The Few, The Proud, The Unproductive

by L.A. Mood Comics and Games

By Dan Brown

Let us now praise those comic creators who had a big impact on comic history despite spending very little time in the spotlight.

I’m talking about your David Mazzucchellis, your Michael Goldens, your Paul Chadwicks. You may have your own favourites.

What do these artists have in common?

Compared to such stalwarts as Kurt Swan and Jack Kirby, they were . . . not all that productive. Which hasn’t stopped them from inspiring wildly loyal fandoms.

Some of them are still active today. Once in a while.

They had brief runs (that are still remembered 50 or 60 years later), they did an amazing job, they revolutionized comics. And then they more or less disappeared.

Perhaps some of them had a hard time meeting the grind of monthly deadlines. No doubt some of them made more money as illustrators in other fields. For whatever reason, they found other vineyards to toil in.

Oh, we young comics fans loved them. If it was up to us, they would have had their choice of assignment.

Mazzucchelli we knew as the artist on Frank Miller’s Batman: Year One, which reset the Dark Knight’s origin for a new generation. The Neal Adams Batman belonged to our older brothers, but this one was OURS.

The brilliance of his style was that you couldn’t tell which era this Batman came of age in. Was it the 1970s? The 1930s? The modern day?

You couldn’t pin this Batman down, he was timeless.

Oh yeah, Mazzucchelli also worked on Daredevil briefly, then years later came out with the graphic novel Asterios Polyp.

Might he be a perfectionist, might that be the reason that prevented him from doing more?

Michael Golden lit the comic world on fire with his 12-issue run on the Micronauts. It was a comic adaptation based on a toy line, and like Mazzucchelli he also created an otherworldly milieu, with exhausted heroes and truly diabolical villains.

Then, a glimpse of something even more awesome: For one issue, Star Wars No. 38 in 1980, Golden showed us a vision of a galaxy far, far away with art that we actually dug.

It had seemed up to that point Marvel was abusing Star Wars fans on purpose by using mediocre artists.

When we got a little older, graduating to more mature stories, Chadwick spoke to our young-adult selves with his thought-provoking Dark Horse series Concrete. A book built around a superhero who wanted only to sit around and think? We were intrigued, It was as if Ben Grimm had become a philosopher.

But unfortunately for us, it didn’t last. He was another creator who, it seemed, had found other things to do outside of comics. Perhaps he just lost interest.

Like I said, not everyone is blessed with the work ethic of a Kirby or the endurance of a Swan or a John Romita. Not every comic creator even wants to be in the conversation.
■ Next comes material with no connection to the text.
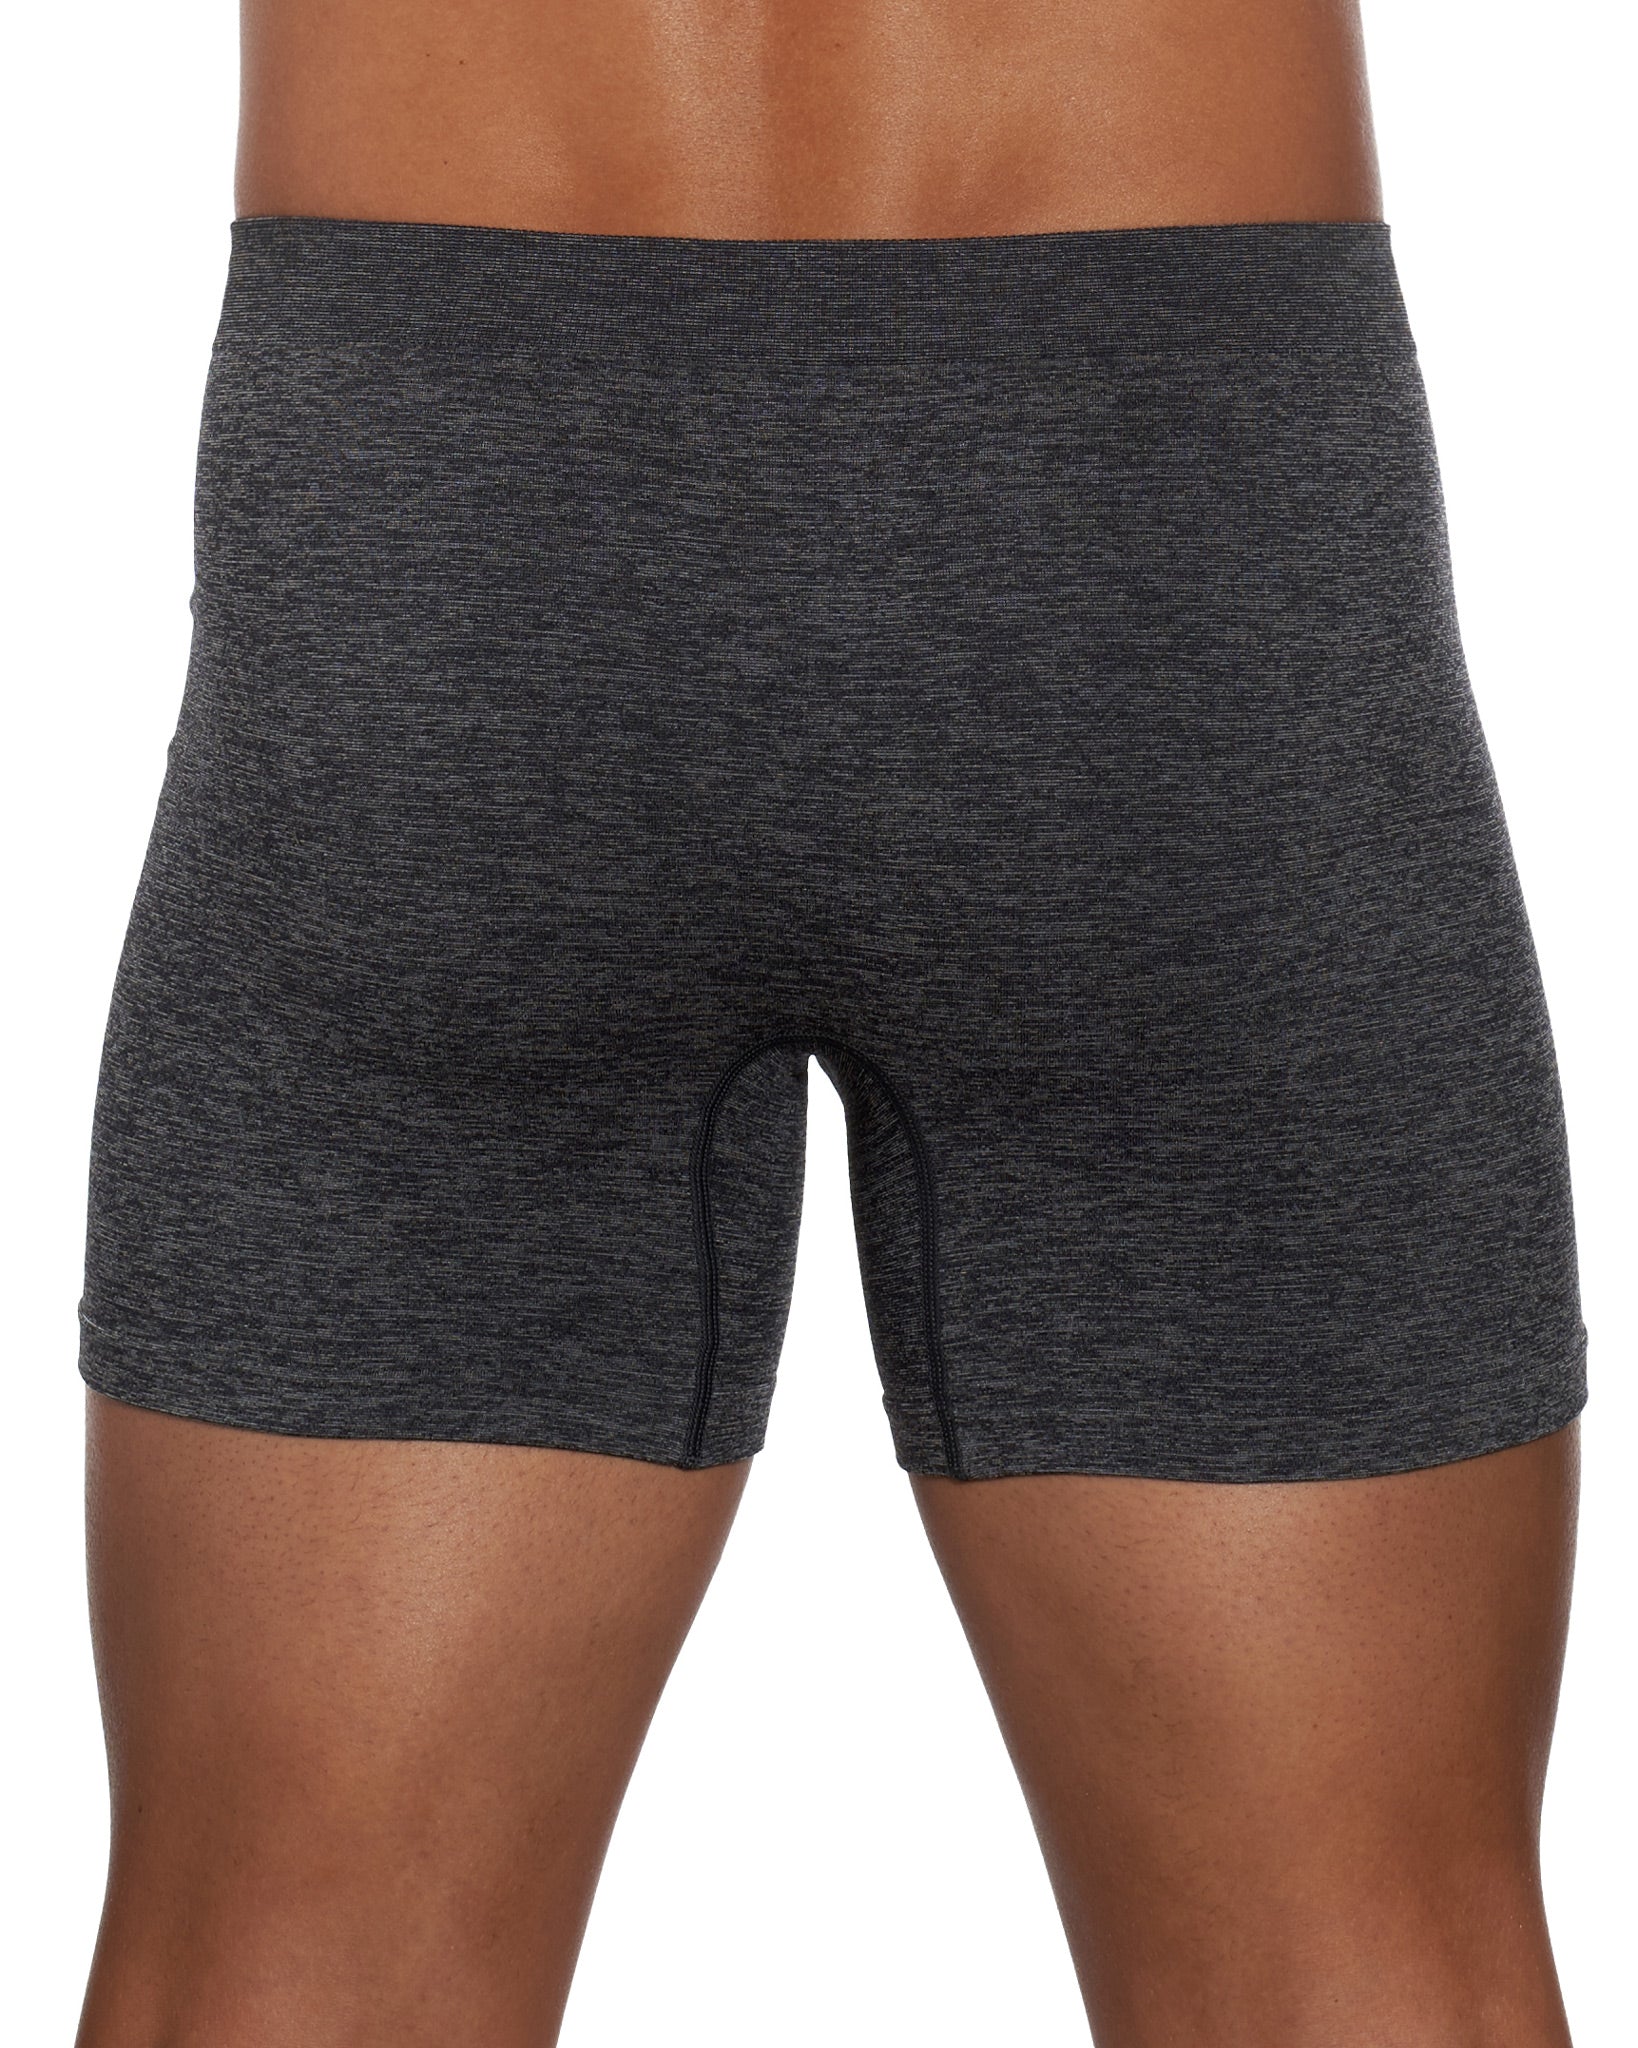 Kind words for the super soft SAM boxers with seamless feel

Some are destined to be excellent, then be gone. Could be it’s a blessing in disguise? One byproduct is we will never get sick of their expressive lines.

Nor am I suggesting any of these talented people are snobs for finding other pursuits. Not everyone has thousands of individual issues in them, I get it.

Heaven forbid they should ever be among the most productive people in the industry’s history. Because those folks get a different label: We deride them as hacks.

Dan Brown has covered pop culture for more than 32 years as a journalist and also moderates L.A. Mood’s monthly graphic-novel group.